Indeed. People seem to forget that prayer transcends time, so you could literally pray for anyone that they had a last second conversion. If you wanted to pray for Stalin for the grace of conversion at his death, you could. It doesn't mean he responded to grace and converted but you are doing your part, atemporally, to have God provide that grace.
It's not like you're saying they're definitely in heaven or Purgatory by doing so.
Some of you will reach for anything to try to "save" someone outside The Church. This doesn't even make sense because IF that were the case then there would be evidence of their conversion in "real time" that would manifest itself
before the person's death. Some of you will play these little scenarios and semantics that make no Catholic sense whatsoever so you can compromise with the world by seeming "nice." Truth is not so nice sometimes.
The sober and Catholic way to look at this without compromising with the world and being a sentimentalist is to understand that unless someone knowingly outside The Church showed some exterior/manifest signs of conversion before death then we are not to pray for them. Doing so tells God that you think there's salvation outside of His Church or it turns into the whole "BoD" thing which is another can of worms altogether so I won't get into that here. One could argue that "but...but...they may have become Catholic all of the sudden!" That's an absurd notion just to try to "save" someone. Even if that were granted in extremely rare cases it would still manifest itself as a deathbed conversion so people can actually see that they became Catholic before they died.
Sorry to pick on your post specifically but I see this attitude here all the time and it needs to be called out.
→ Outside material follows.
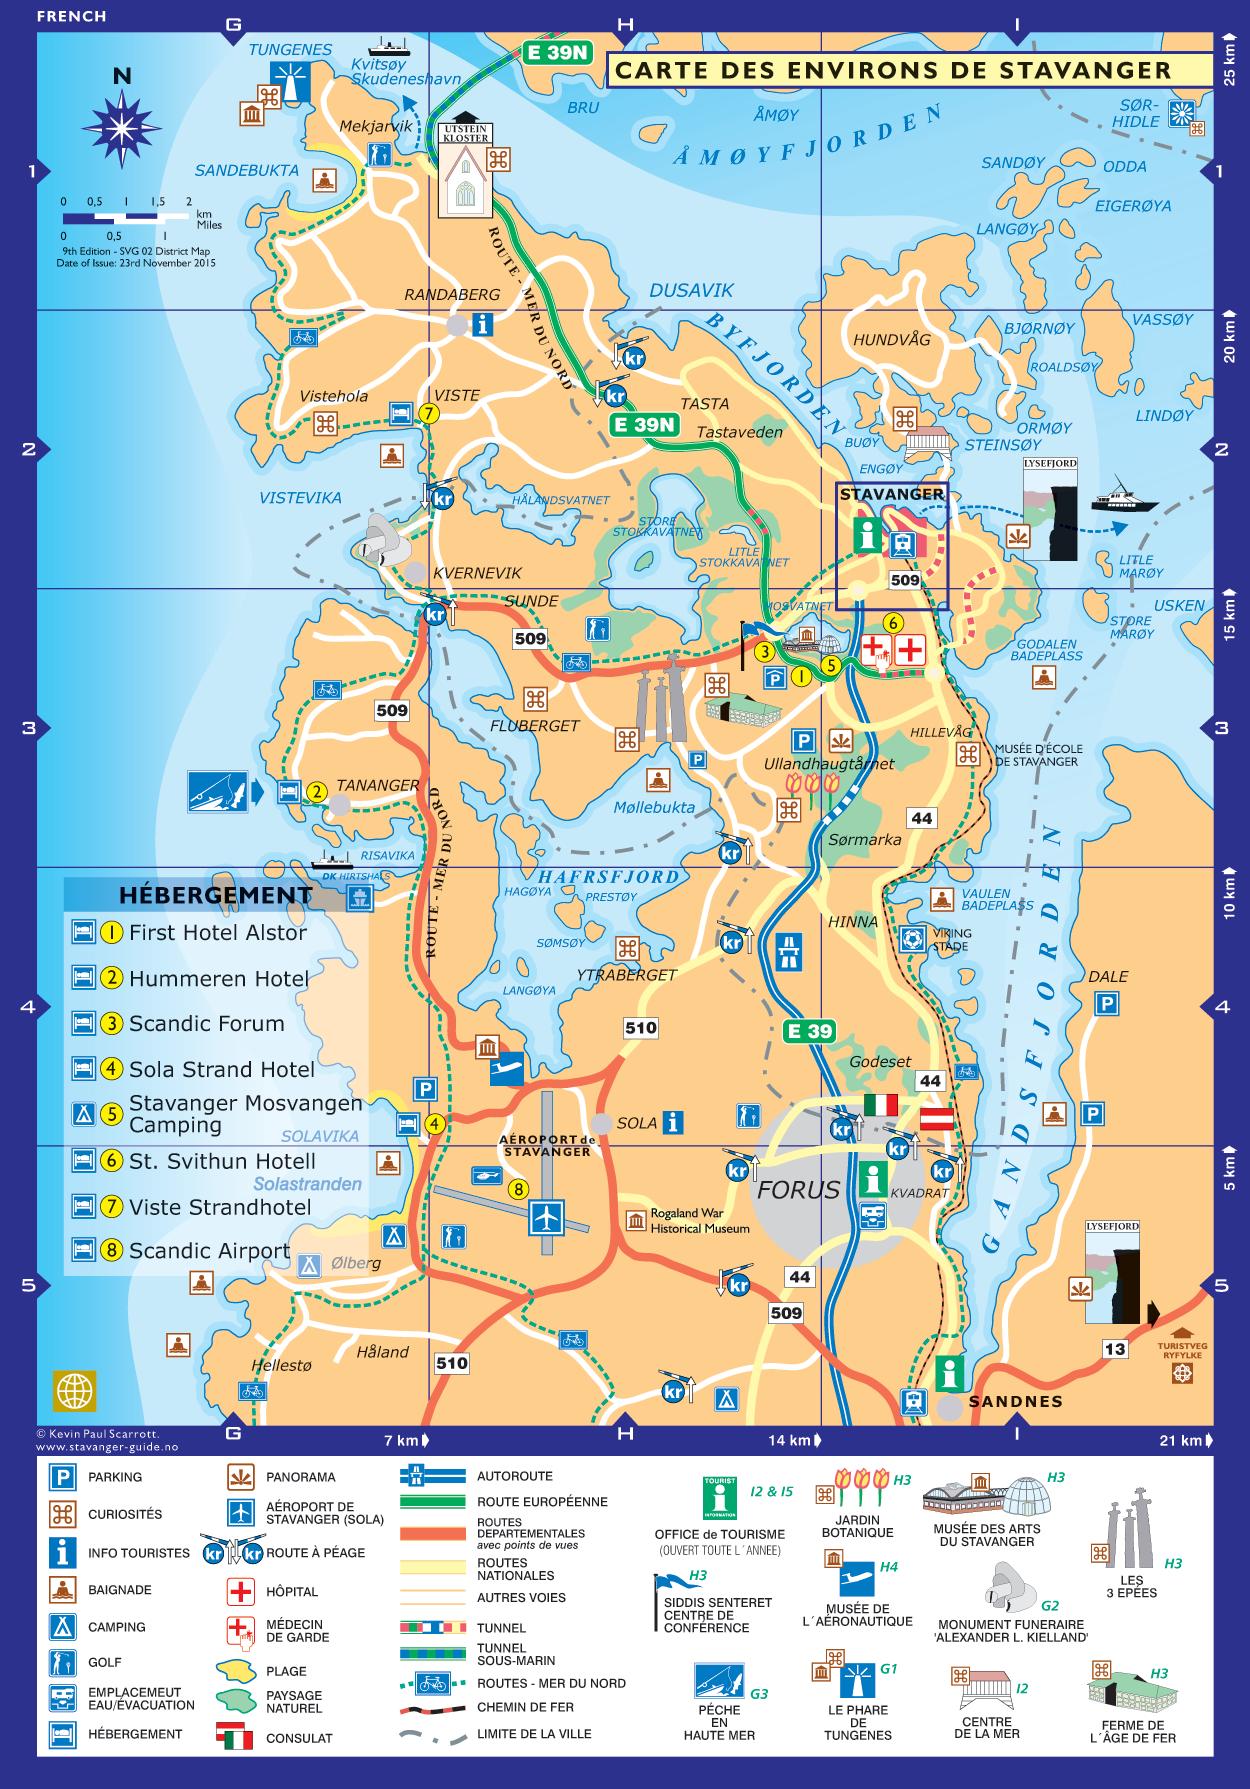 Carte des environs de Stavanger

The fewness of the saved is a real thing and one people (myself included) should meditate on daily. It's not "judging" someone to take Church Teaching to it's natural conclusion. There are some in my family that died manifestly outside The Church, I'm not just going to say "well maybe they converted in their mind and some invisible person baptized them before death that I couldn't see" when they lived their lives outside The Church loving their sins until their death or other such semantics just because I loved them and would have preferred they were saved. One shouldn't subject their feelings and sentimentalism to God's revealed Truth.